Most of Professor Stiglitz's ideas for a better world are essentially utopian in nature. Few nation states, both rich and poor, are at a stage of such altruistic abandonment of self interest that they would willingly submit to a global reserves system.

Nor would centrally awarded prizes for medical cures and treatments as a way of incentivising discovery and development be any substitute for the present system of intellectual property rights. It's a nice idea, which in theory would make these breakthroughs accessible to all, but it is also naive. In practice, the only jobs created by this authoritarian approach to innovation would be in the field of bureaucracy. Corrupt and suspect practice would run riot and medical advancement would grind to a halt.

Globalisation has drawbacks aplenty, not least the acceleration of global warming, but actually it is working largely as it was expected to. The developing world is getting richer, and it is doing so partly at the expense of already rich nations.

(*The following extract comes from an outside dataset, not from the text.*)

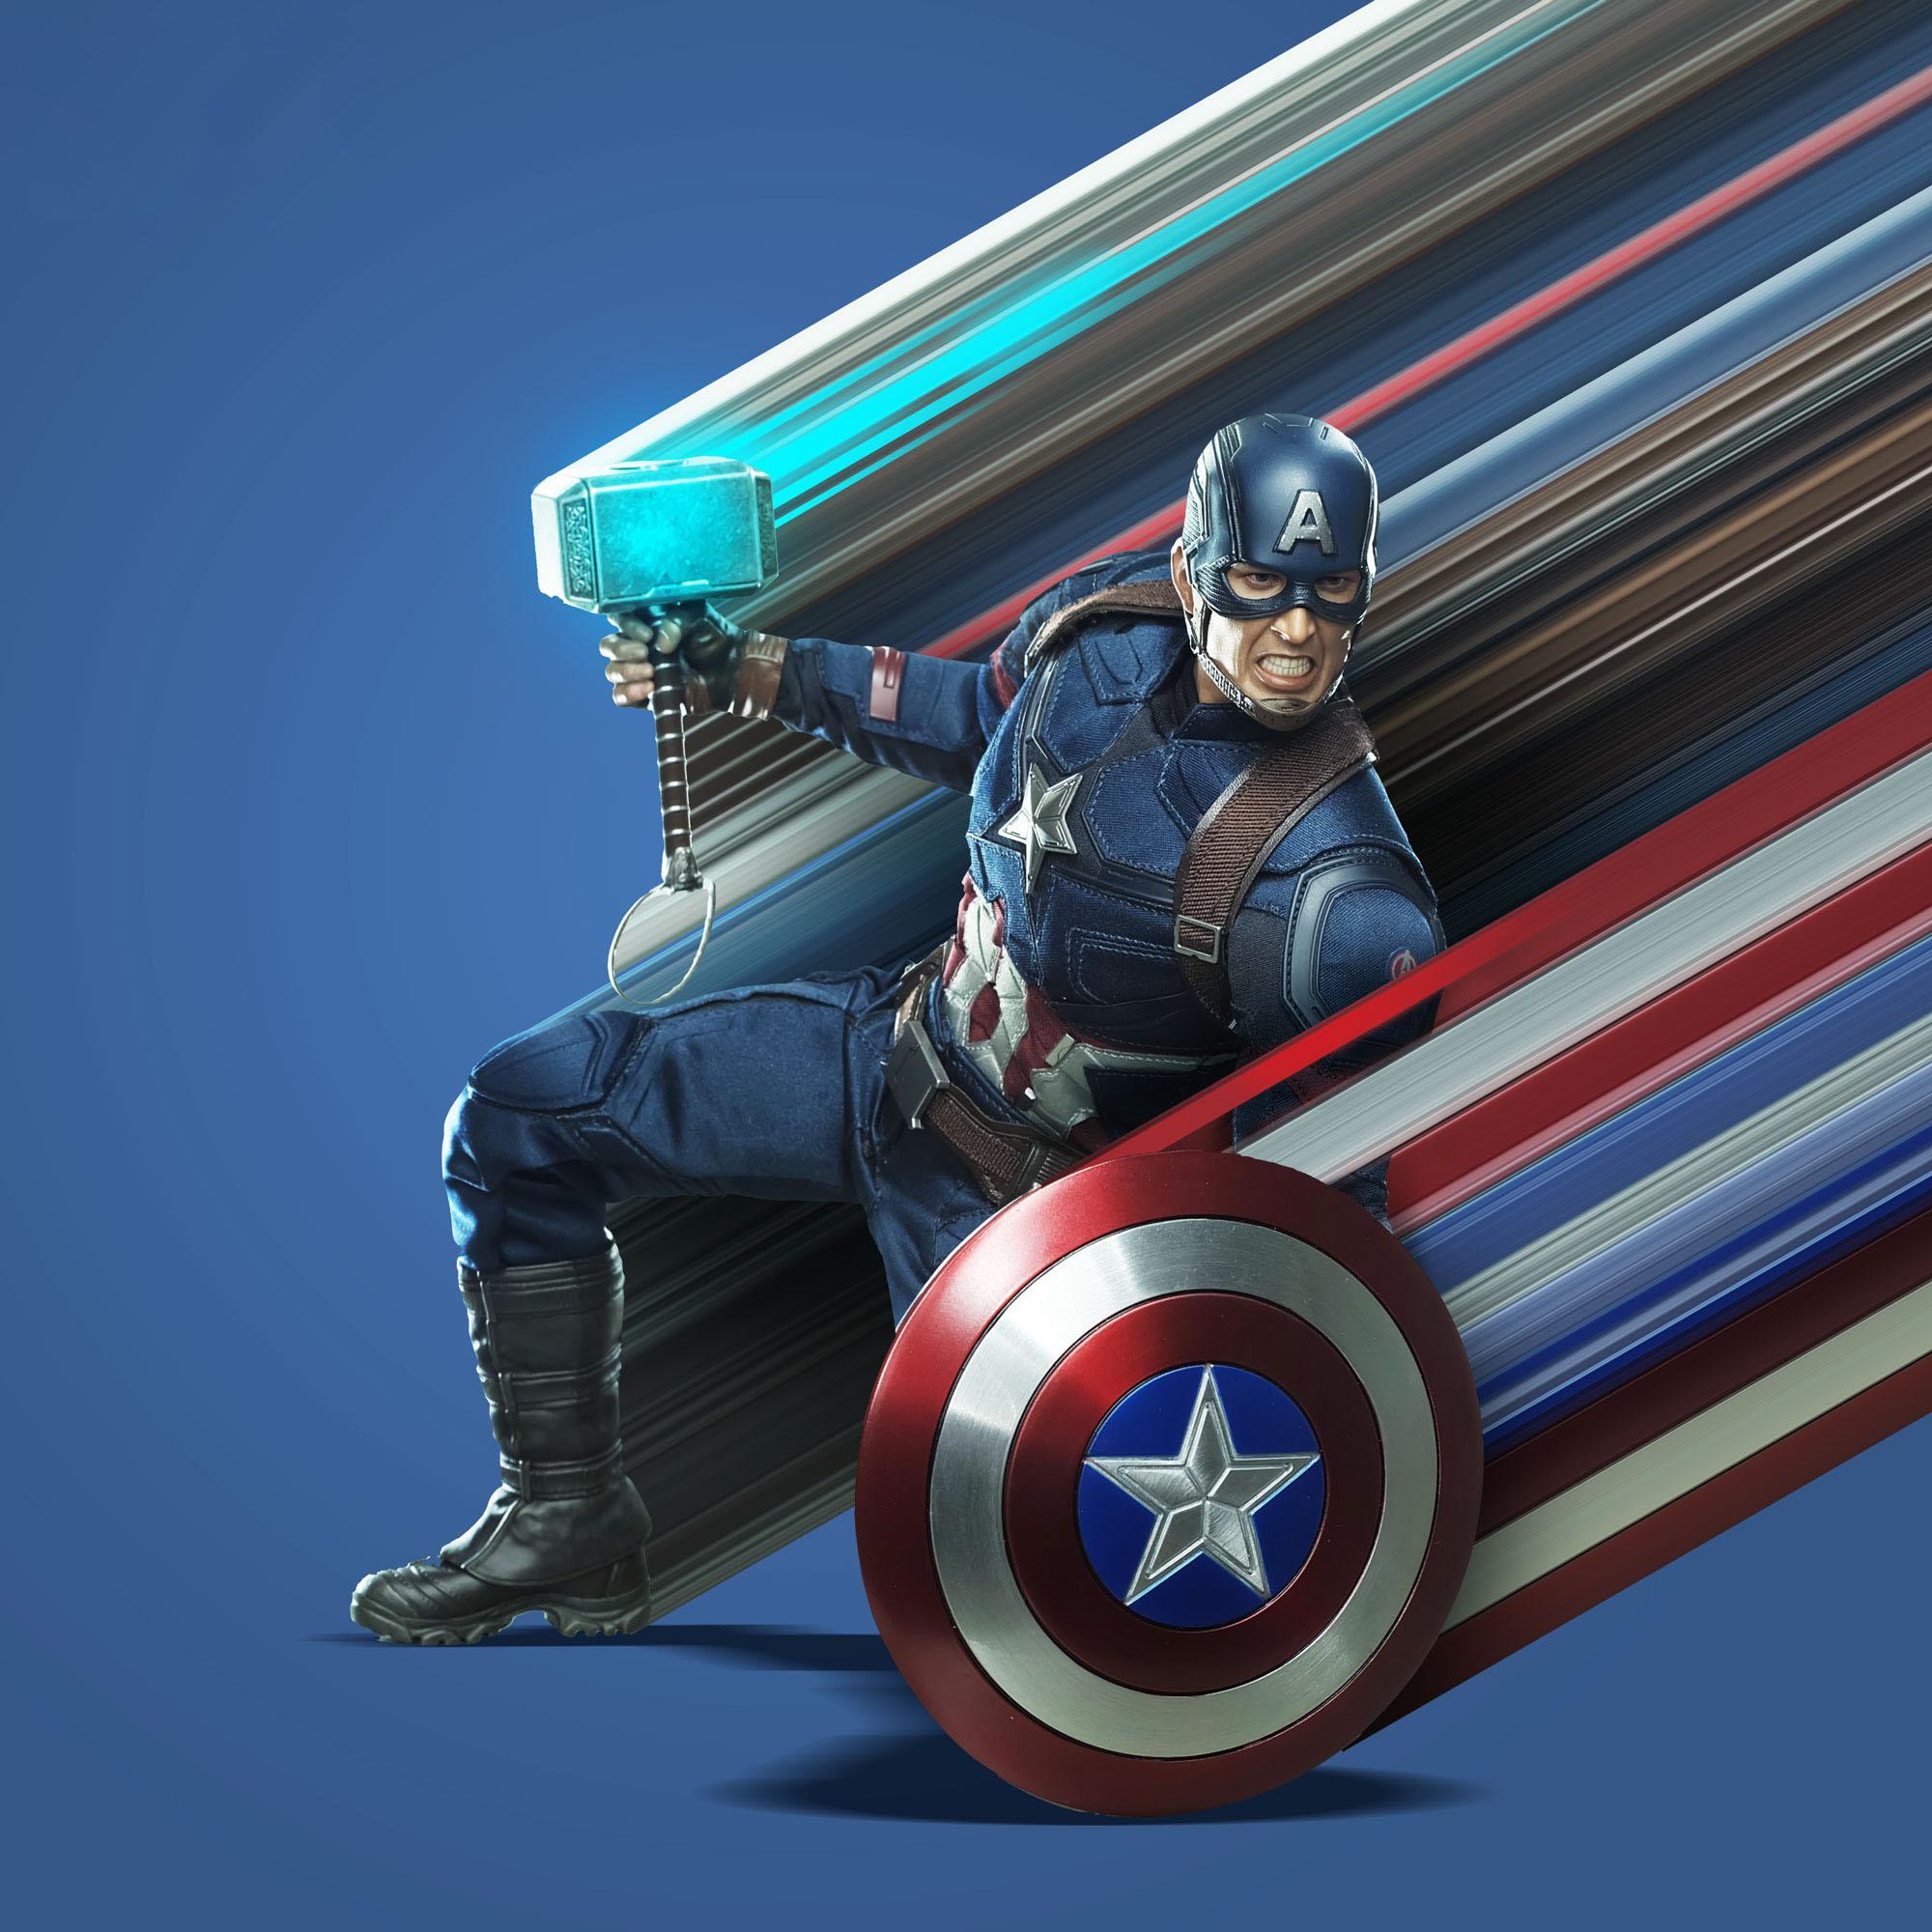 Captain America Avengers Endgame Art Wallpaper, HD Artist

The growing inequalities it is also giving rise to within nations is something that only nations themselves can do something about, not international organisations.

This growth in the developing world is the strongest reason for believing the world economy is not about to go to hell in a handcart. China, India and the other developing nations of Asia and Latin America are becoming the true drivers of growth in the post-9/11 era.

For the US, the economic outlook is particularly uncertain as the Fed deliberately chokes off the consumer boom it activated five years ago. Yet for the first time in nearly 100 years, it may not actually matter that much. The pessimists in financial markets right now are those whose focus remains glued to the US housing market, as if the fate of the entire world lies in the hands of US real estate agents. It would be silly to underestimate their importance, of course, but for the optimists, it is the Far East that now matters more. For better or worse, it is globalisation which has brought about this seismic shift.